● **Task objective**:
From the first line below to the last, reproduce the material exactly and leave out the images.

● **Data below**:
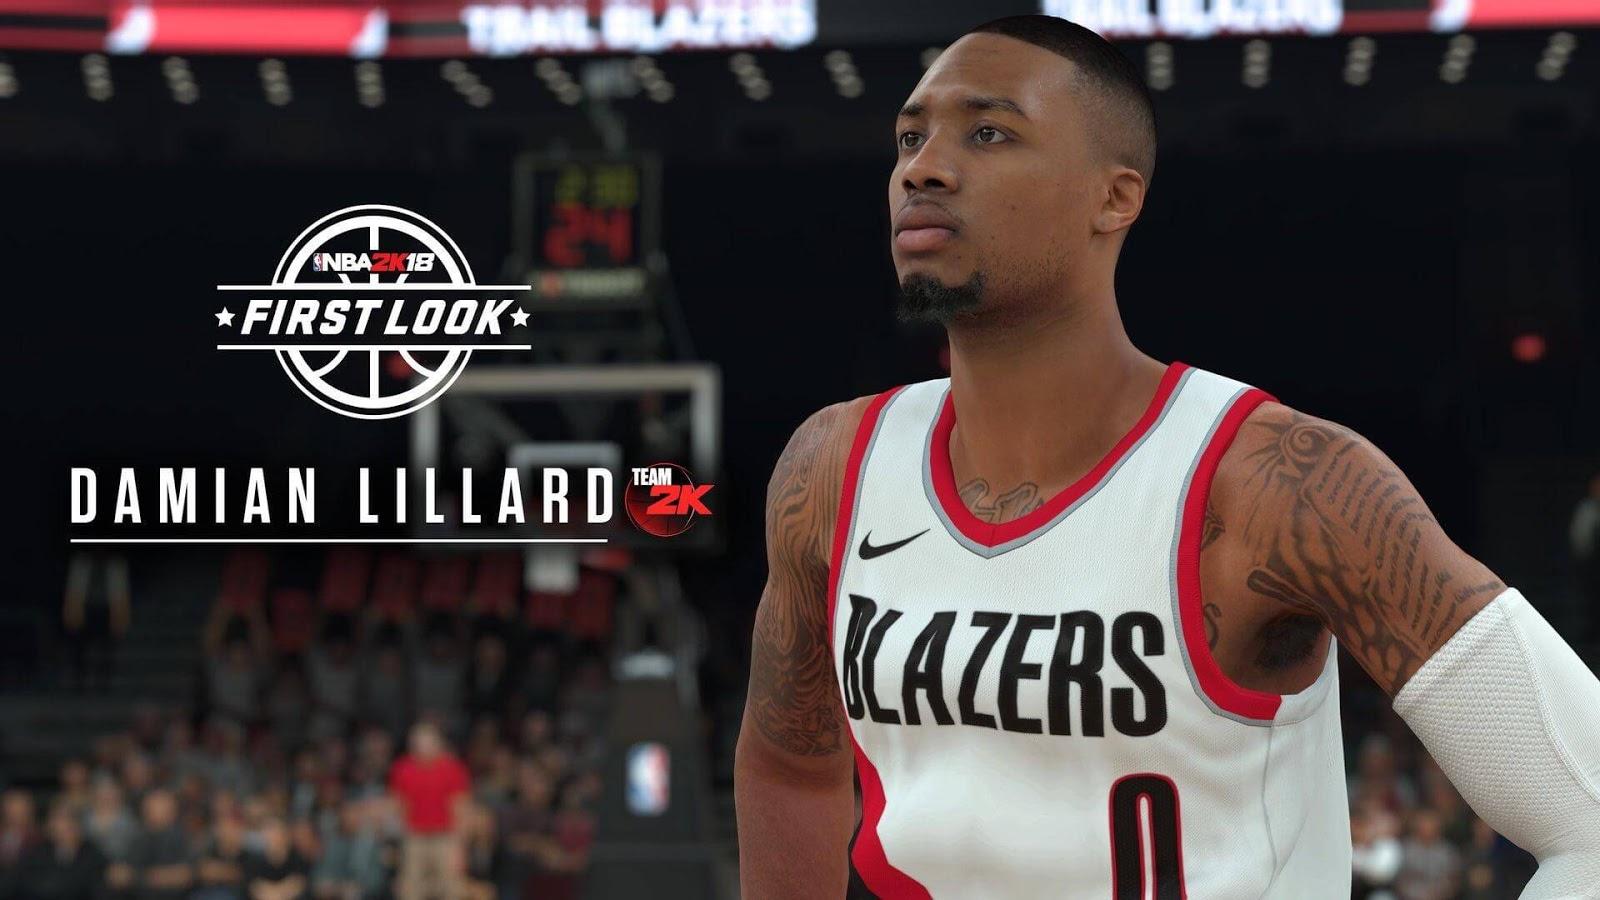 NBA 2k18 Damian Lillard Screenshot
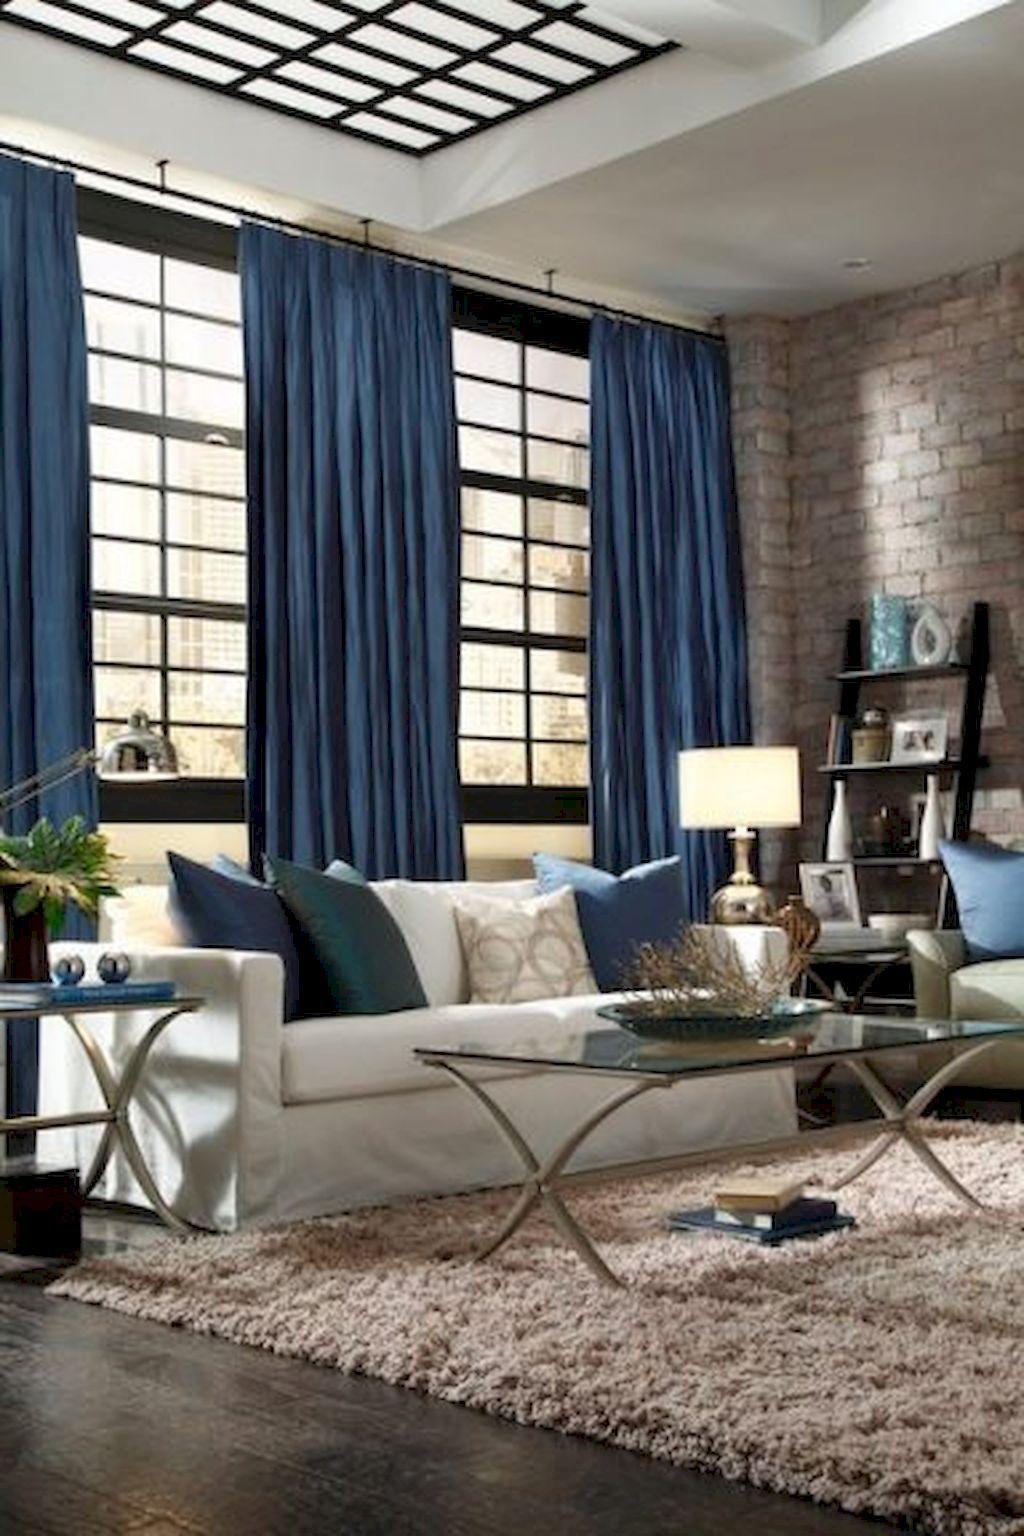 80 Contemporary Living Room Decoration Ideas Home To Z Blue Curtains Living Room Contemporary Decor Living Room Curtains Living Curtains living room designs
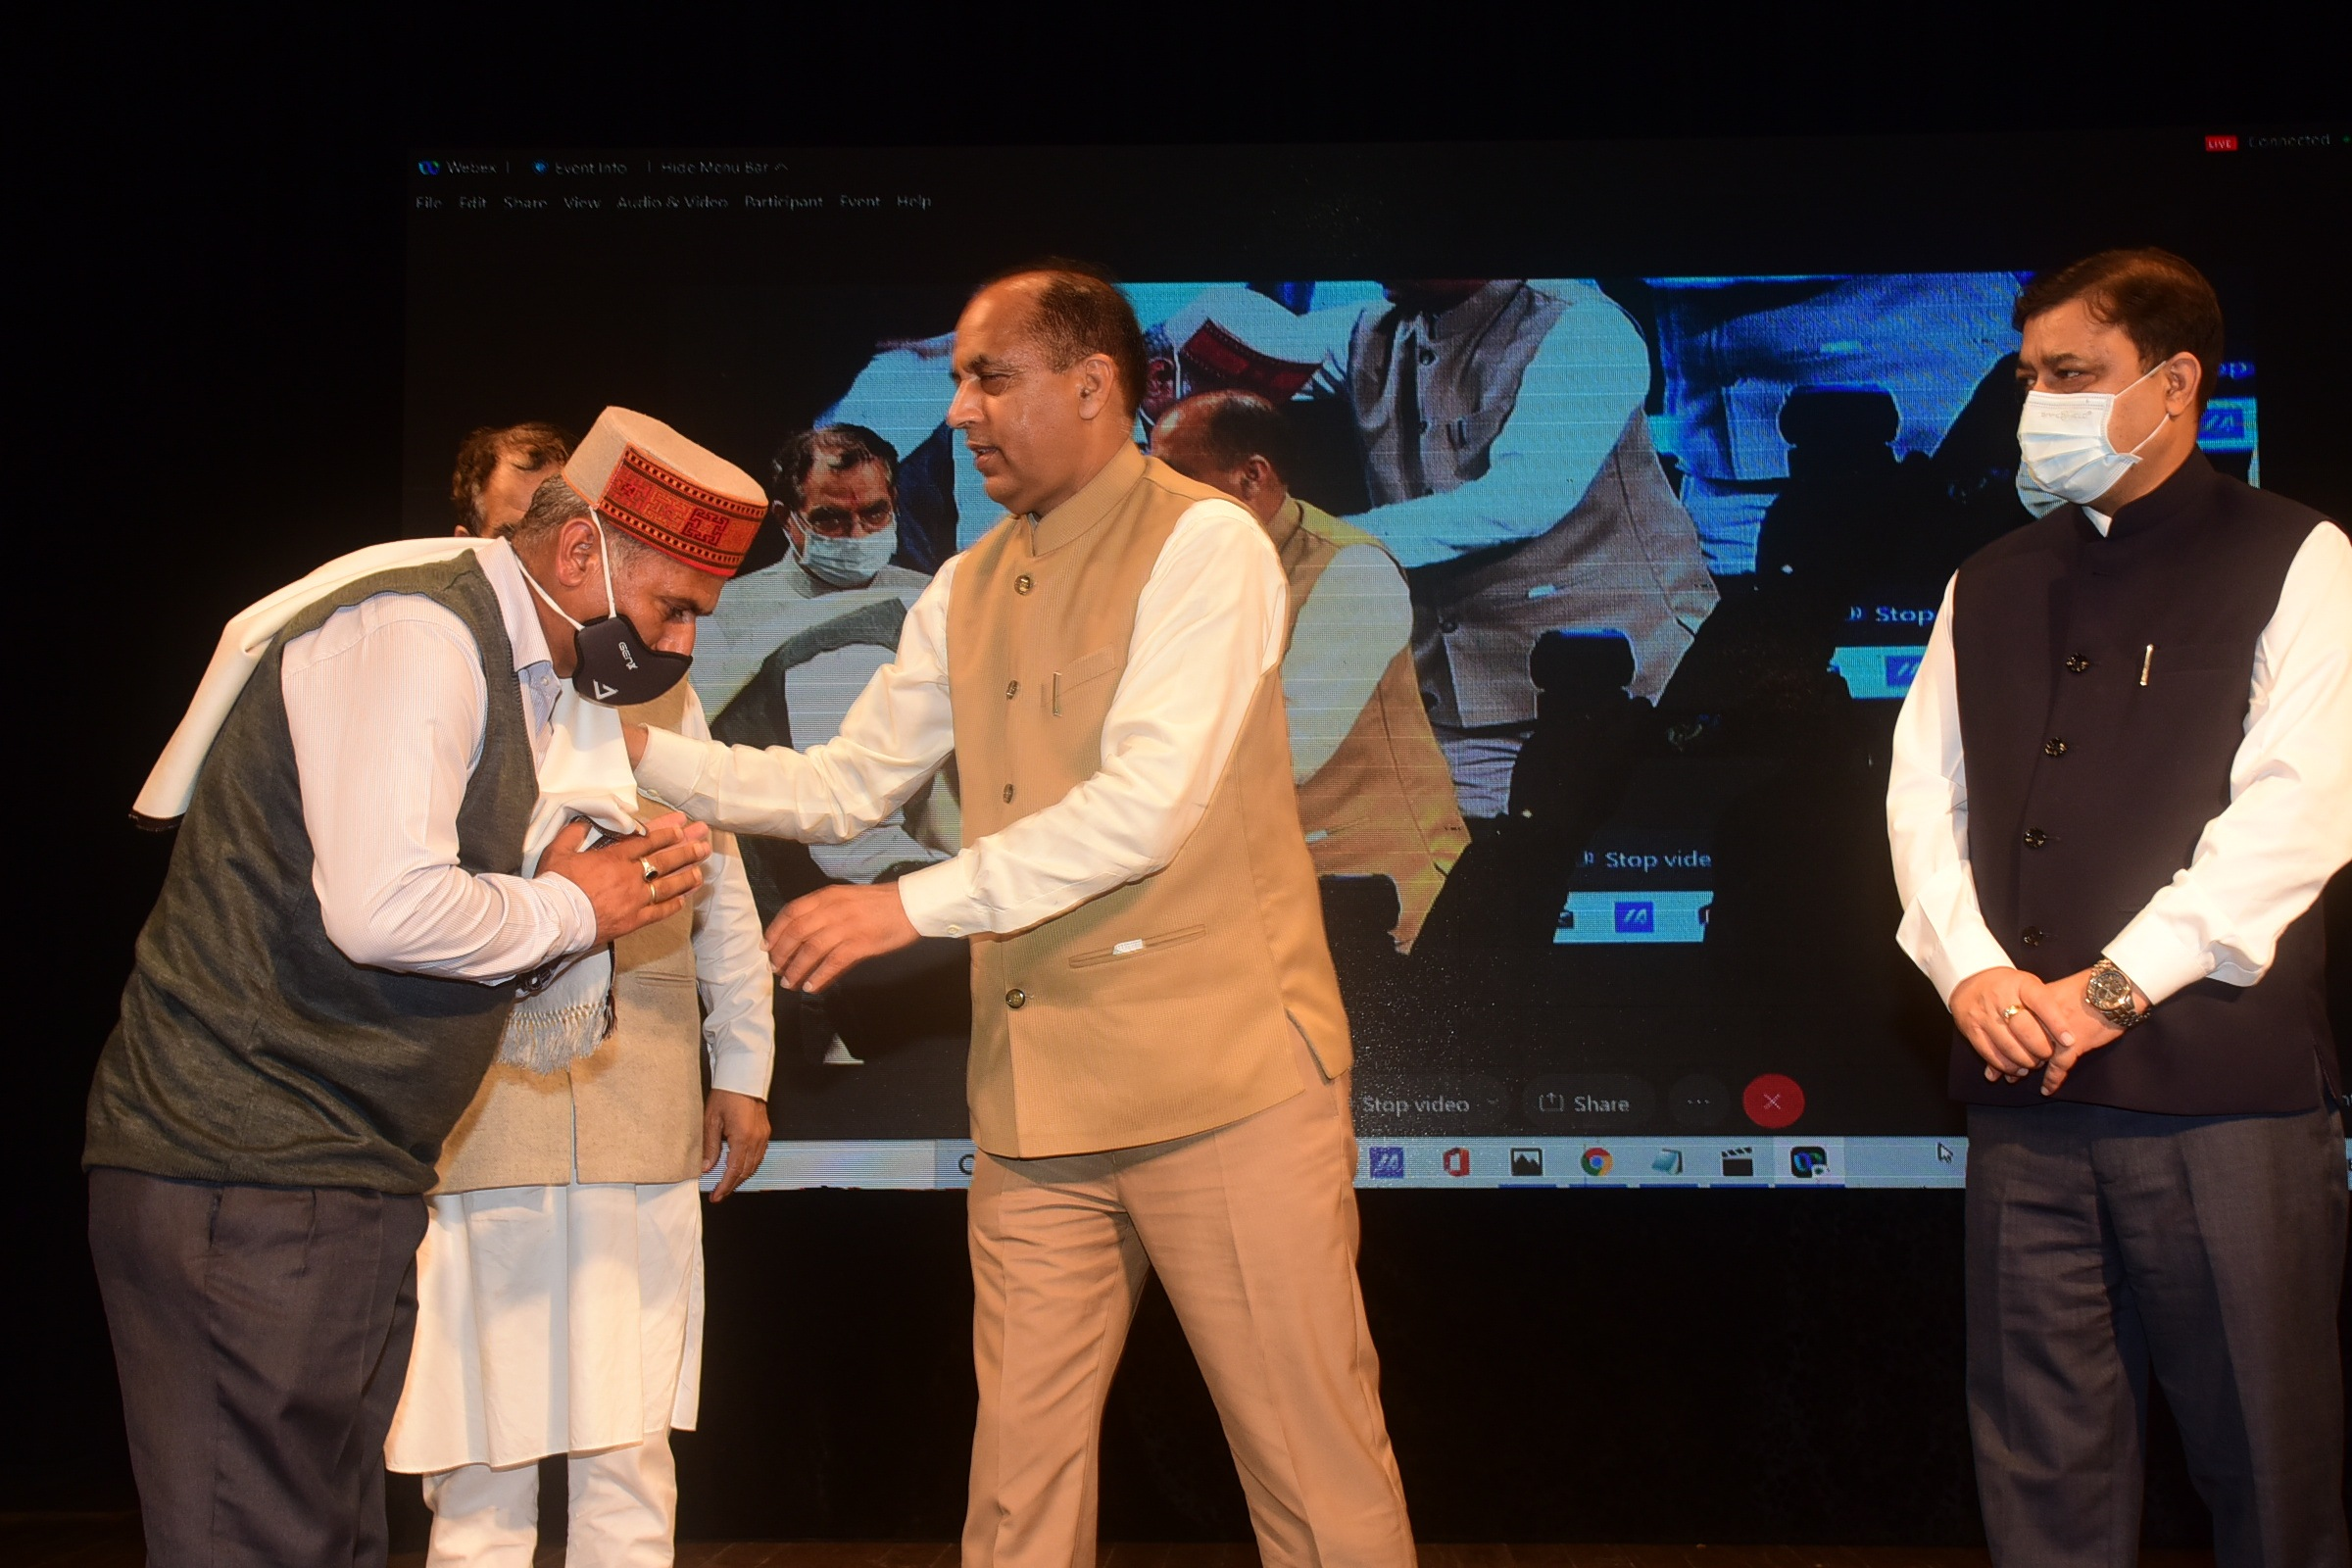 """कारगिल की चोटियों पर लिखी """"विजय गाथा"""" हमारी पीढ़ियों को करेगी प्रेरित, शिमला में शहीदों को दी गई श्रद्धांजलि"""

● **Response to this exercise**:
 NBA 2k18 Damian Lillard Screenshot
 80 Contemporary Living Room Decoration Ideas Home To Z Blue Curtains Living Room Contemporary Decor Living Room Curtains Living Curtains living room designs
 """कारगिल की चोटियों पर लिखी """"विजय गाथा"""" हमारी पीढ़ियों को करेगी प्रेरित, शिमला में शहीदों को दी गई श्रद्धांजलि"""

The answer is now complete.